_Problem requirements_
Transcribe nothing except the lines below that run from the one with "H. H. Holmes kastélya 2. kép" to the one with "slovaquie - michalov", ends included, and do not copy any picture.

_Data extract_

*** Begin section ***

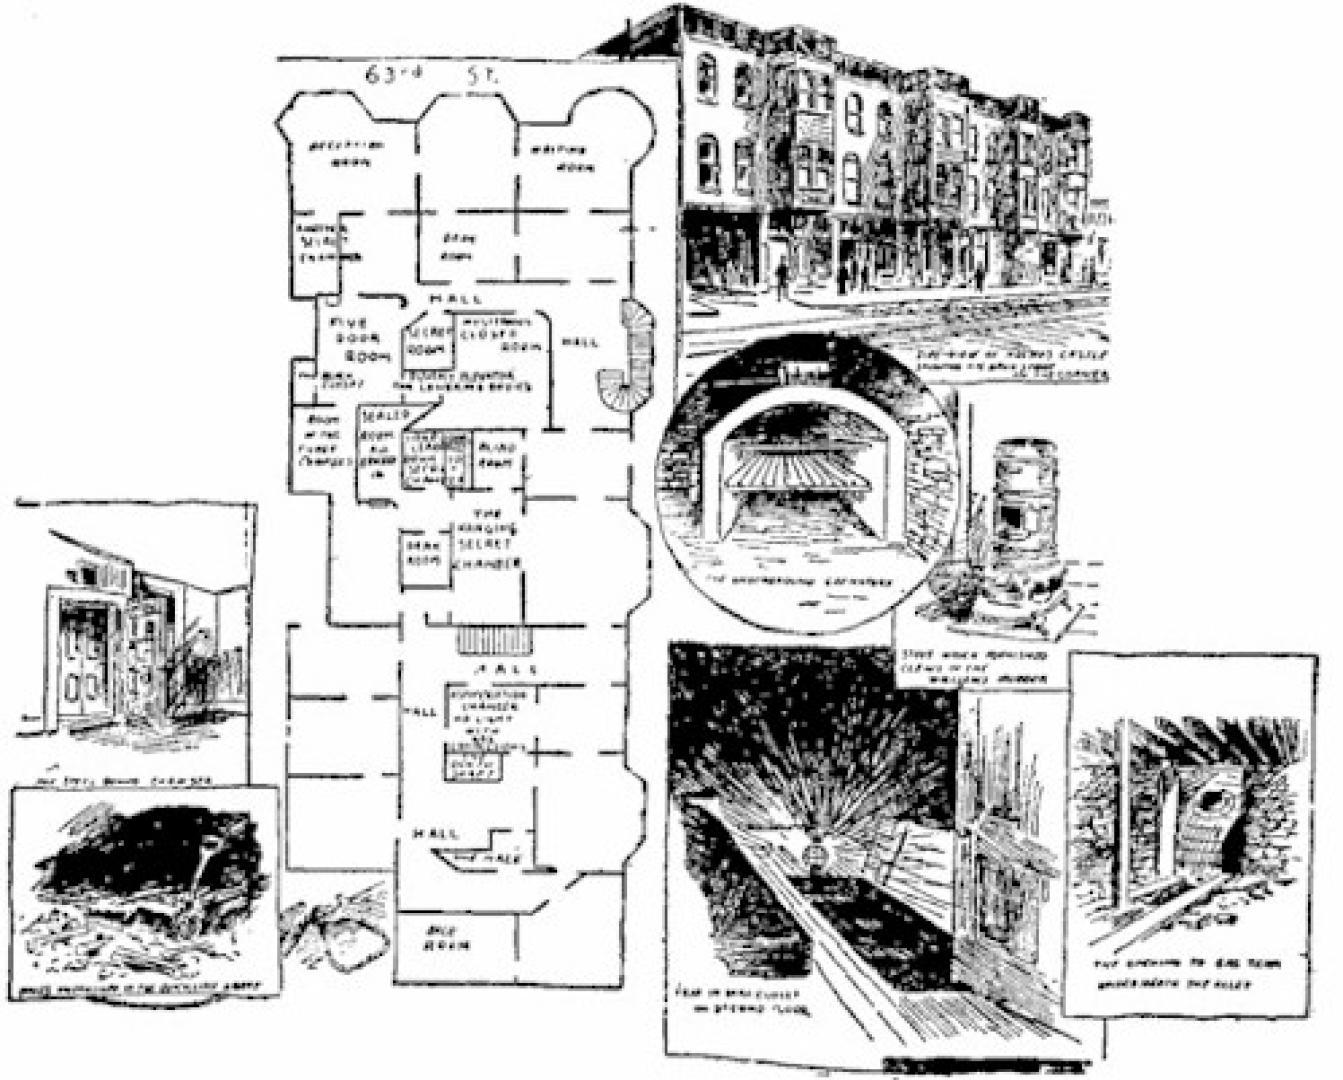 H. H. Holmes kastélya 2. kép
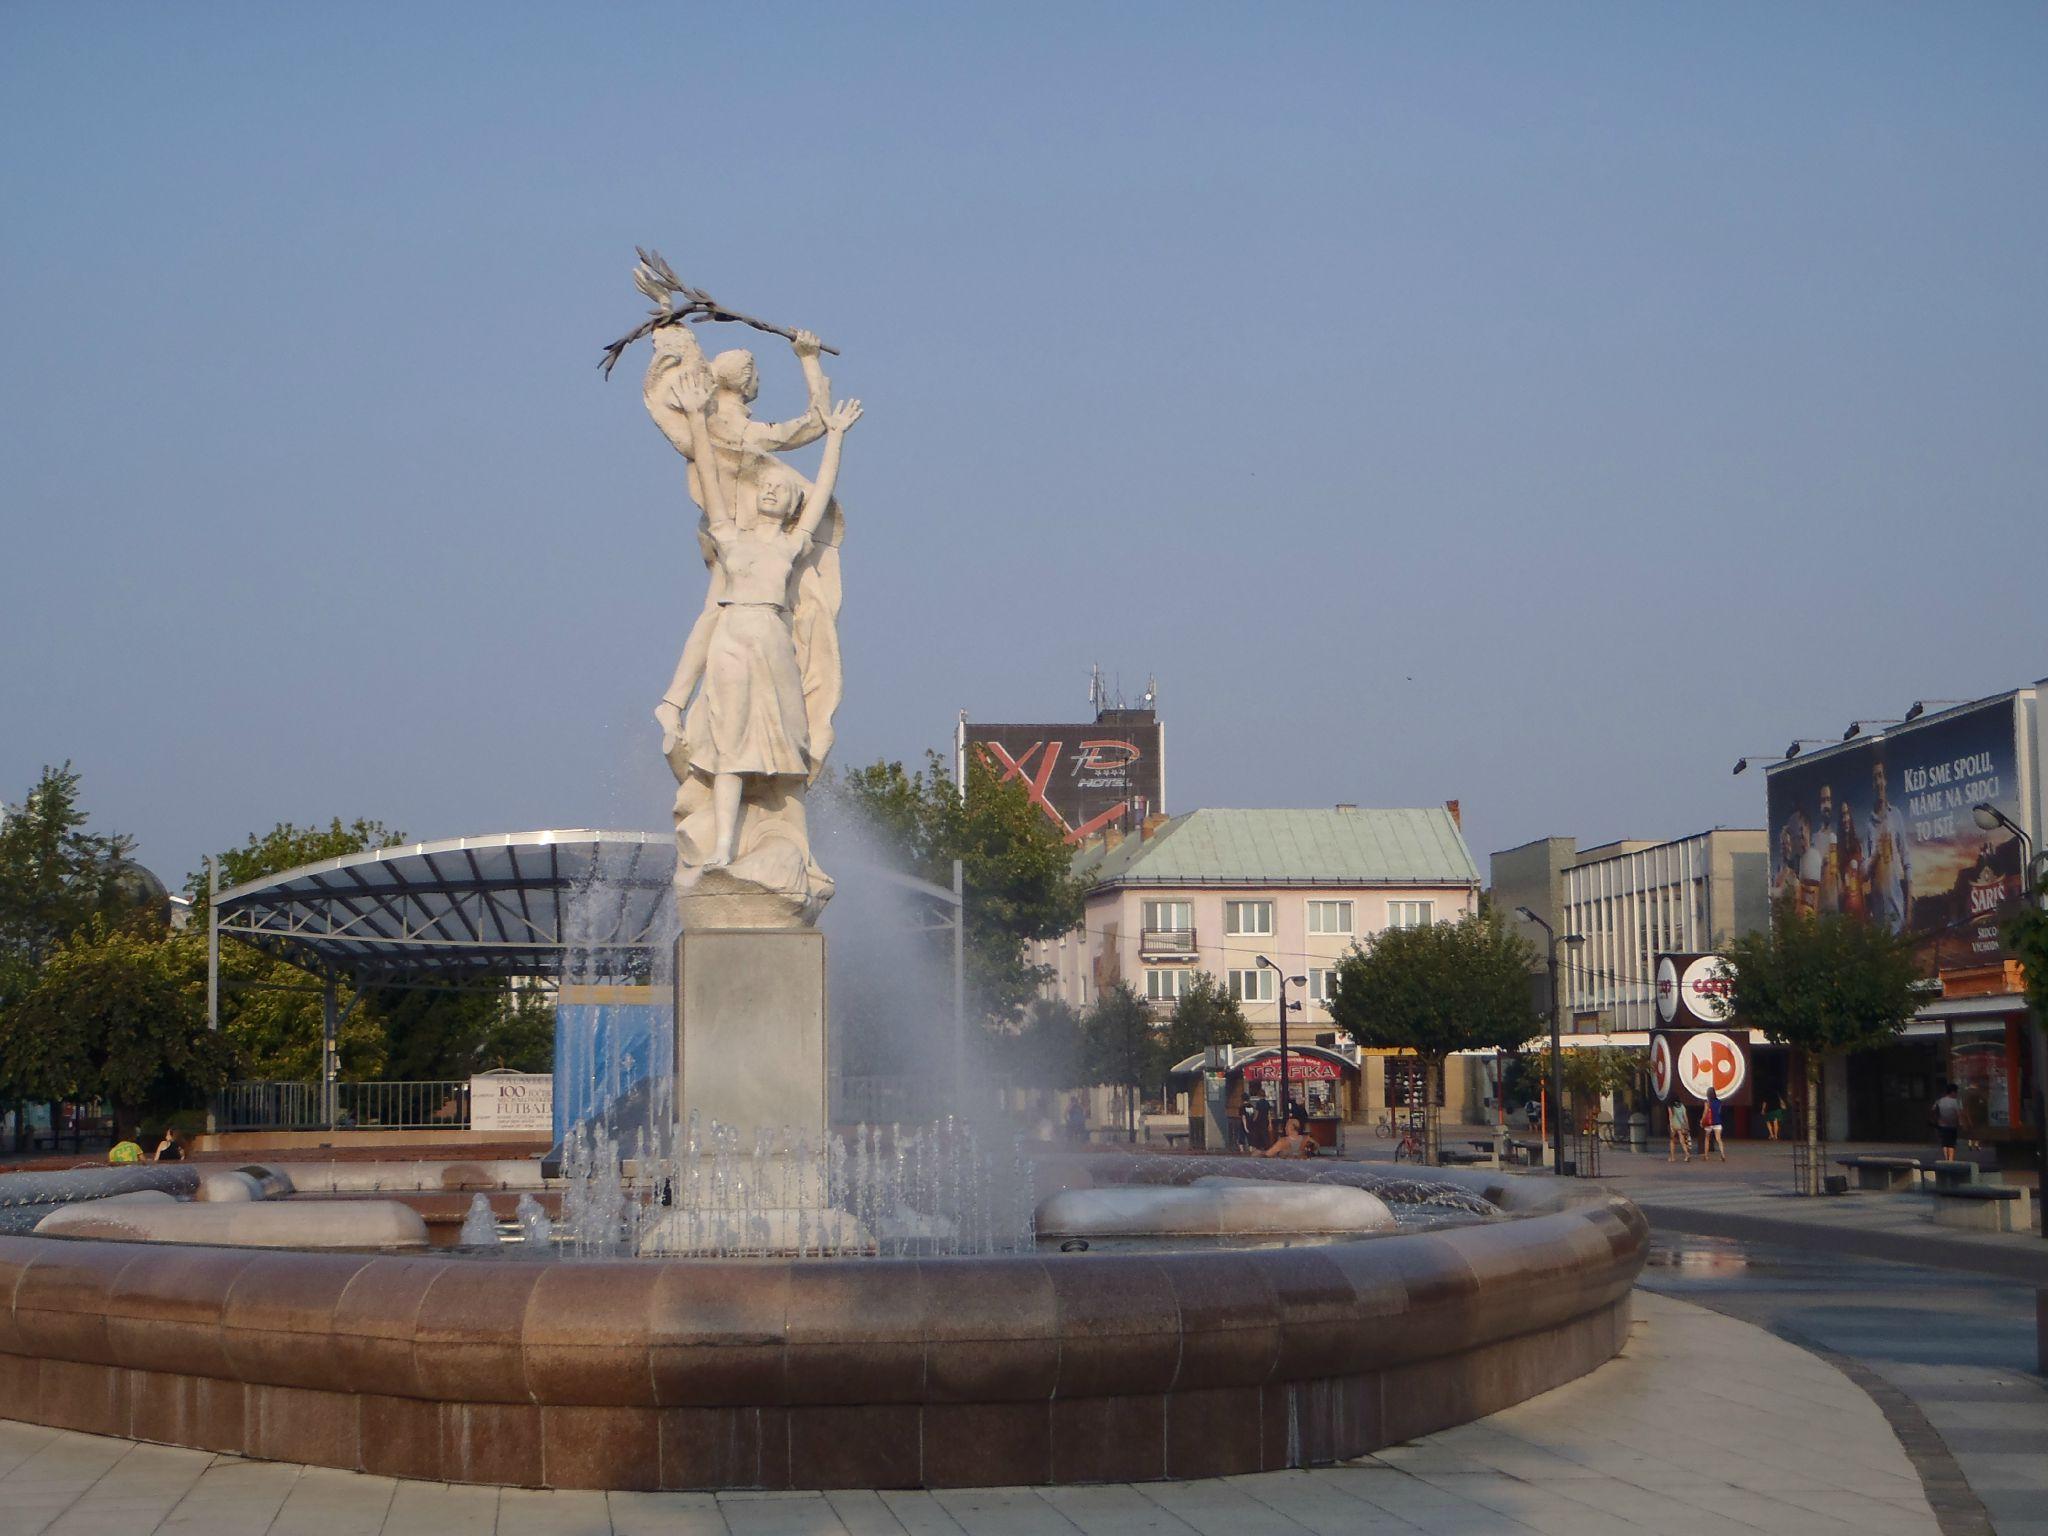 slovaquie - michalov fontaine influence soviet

*** End section ***
*** Begin section ***

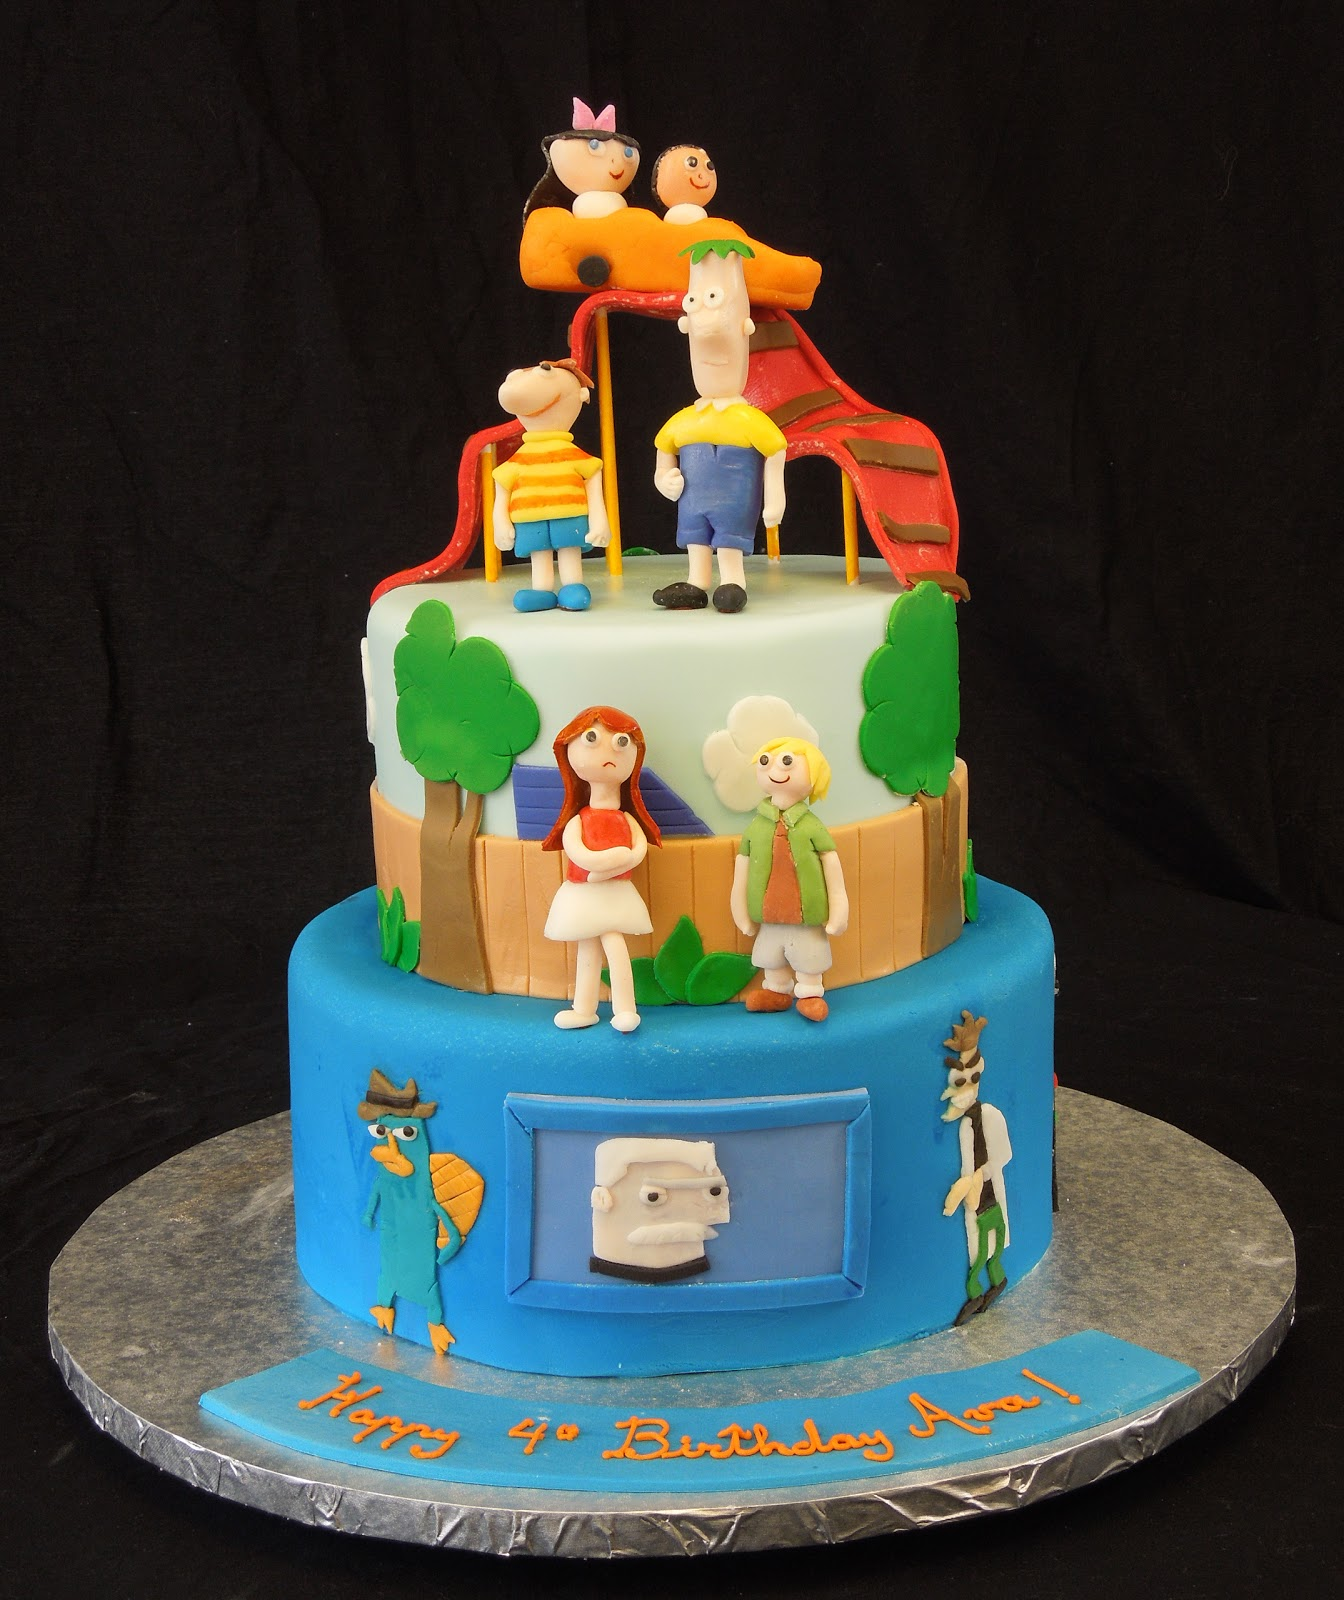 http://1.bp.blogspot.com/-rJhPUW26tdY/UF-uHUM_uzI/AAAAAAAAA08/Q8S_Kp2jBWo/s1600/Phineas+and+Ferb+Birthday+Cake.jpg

*** End section ***

_Result for this task_
 H. H. Holmes kastélya 2. kép
 slovaquie - michalov fontaine influence soviet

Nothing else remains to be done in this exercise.